I want to explicitly understand the $\mathbb{Z}$-module I constructed as $M = \mathbb{Z}^4/\mathrm{im}(A)$, where $A\colon \mathbb{Z}^6 \to \mathbb{Z}^4$ is represented by the matrix $$ A = \begin{pmatrix} 1 & -1 & 0 & 1 & 0 & 0 \\ 1 & 0 & -1 & 0 & 1 & 0 \\ 0 & 1 & -1 & 0 & 0 & 1 \\ 0 & 0 & 0 & 1 & -1 & 1 \end{pmatrix} .$$
In order to do so, I have computed the Smith Normal Form of A as $$PAQ = \begin{pmatrix} 1 & 0 & 0 & 0 & 0 & 0 \\ 0 & 1 & 0 & 0 & 0 & 0 \\ 0 & 0 & 1 & 0 & 0 & 0 \\ 0 & 0 & 0 & 0 & 0 & 0 \end{pmatrix} ,$$ where $$ P = \begin{pmatrix} 0 & 1 & 0 & 0 \\ 0 & 0 & 1 & 0 \\ 0 & 0 & 0 & 1 \\ -1 & 1 & -1 & 1 \end{pmatrix} \text{ and } Q = \begin{pmatrix} 1 & 0 & 0 & 0 & 1 & -1 \\ 0 & 1 & 0 & -1 & 0 & -1 \\ 0 & 0 & 0 & 0 & 0 & -1 \\ 0 & 0 & 1 & -1 & -1 & 0 \\ 0 & 0 & 0 & 0 & -1 & 0 \\ 0 & 0 & 0 & 1 & 0 & 0 \end{pmatrix} $$
As I understand it, this tells me that the image of $A$ is isomorphic to $\mathbb{Z}^3 \oplus \{0\}$, and so $M \cong \mathbb{Z}$. However, knowing this in the abstract isn’t enough for my purposes, I need to explicitly know the map $\mathbb{Z}^4 \to M \to \mathbb{Z}$, where the first arrow is the projection $v \mapsto v + \mathrm{im}(A)$ and the second is an isomorphism. I suspect that this map can be constructed somehow via the matrix $P$, but I must admit I don’t understand the Smith Normal Form well enough to see how.

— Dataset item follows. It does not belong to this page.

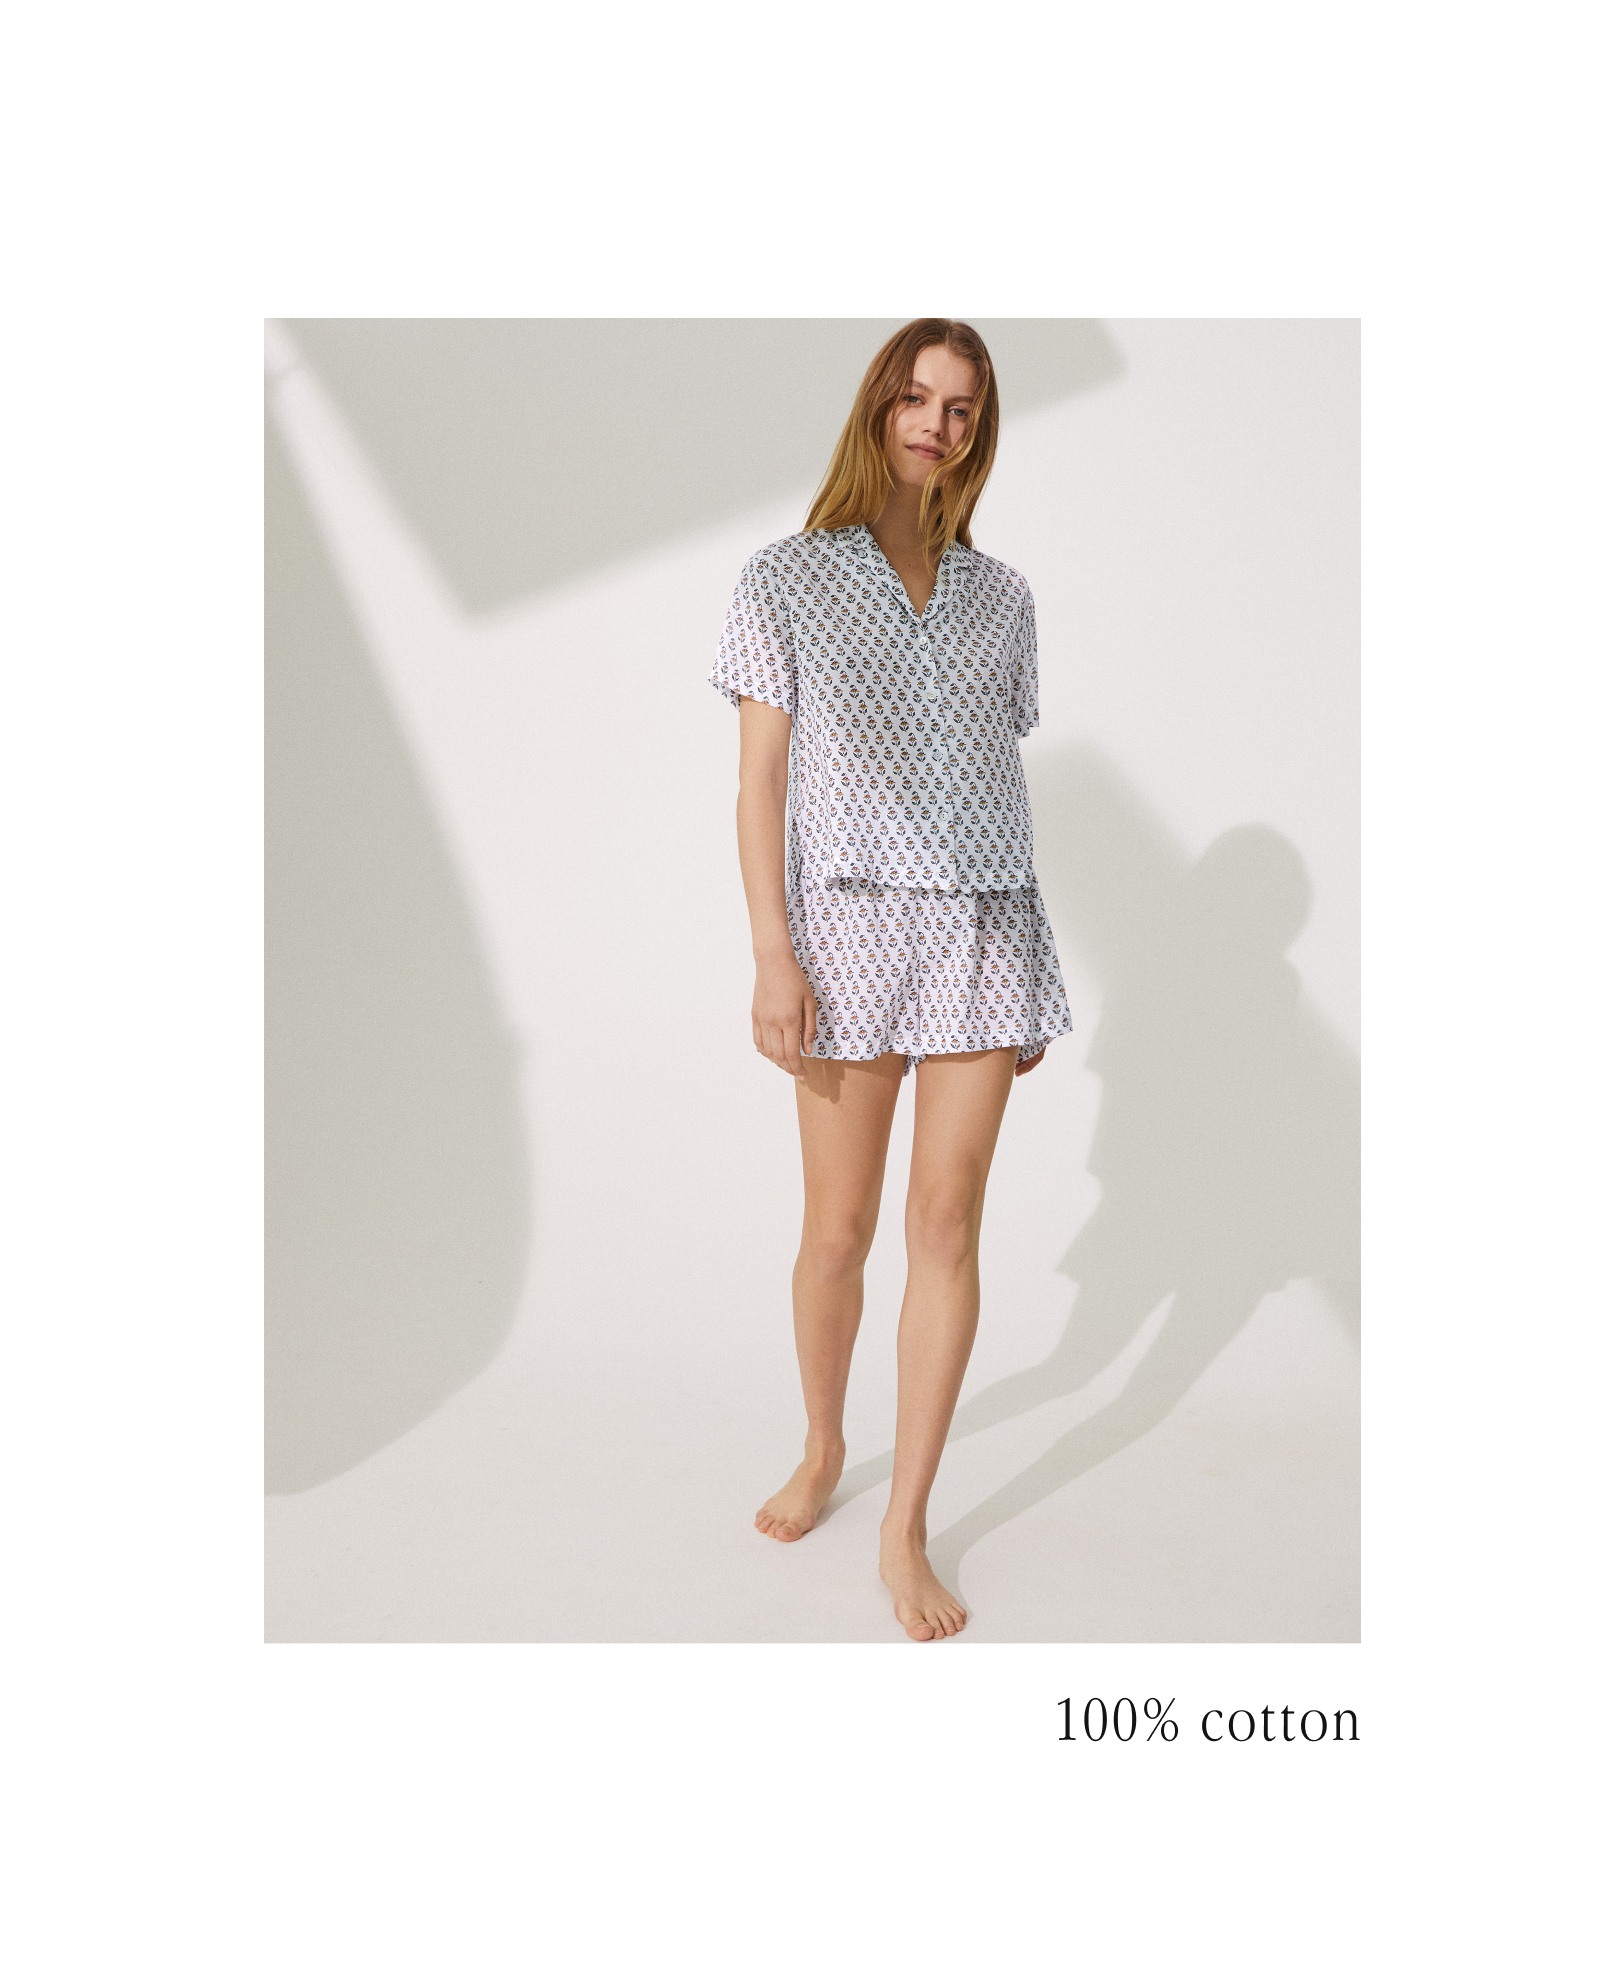 Completo pigiama stile camicia corta 100% cotone

Ended up being able to work out the answer myself:
Since $Q$ is a change of basis matrix of $\mathbb{Z}^6$, we have $\mathrm{im}(A) = \mathrm{im}(AQ)$, which is the column space of $$ AQ = \begin{pmatrix} 1 & -1 & 1 & 0 & 0 & 0 \\ 1 & 0 & 0 & 0 & 0 & 0 \\ 0 & 1 & 0 & 0 & 0 & 0 \\ 0 & 0 & 1 & 0 & 0 & 0 \end{pmatrix}, $$ i.e. $\left\{\begin{pmatrix} a-b+c & a & b & c \end{pmatrix}^T\ \middle|\ a,b,c \in \mathbb{Z}\right\}$.
Set $f_1, \dots, f_4$ to be the columns of $$ P^{-1} = \begin{pmatrix} 1 &-1 & 1 &-1 \\ 1 & 0 & 0 & 0 \\ 0 & 1 & 0 & 0 \\ 0 & 0 & 1 & 0 \end{pmatrix}. $$ Then we see that $\mathbb{Z}^4 / \mathrm{im}(A) = \frac{\mathbb{Z} f_1 \oplus \mathbb{Z} f_2 \oplus \mathbb{Z} f_3 \oplus \mathbb{Z} f_4}{\mathbb{Z} f_1 \oplus \mathbb{Z} f_2 \oplus \mathbb{Z} f_3} \cong \mathbb{Z} f_4$. The canonical dual basis $\{\phi^i\}$ of the $f_i$ is given by (left-multiplication with) the rows of $P$. In particular, the map $\phi^4 \colon \mathbb{Z}^4 \to \mathbb{Z}$ given by $\begin{pmatrix} a & b & c & d \end{pmatrix}^T \mapsto (-a+b-c+d)$ induces the desired isomorphism $\mathcal{M} \to \mathbb{Z}$.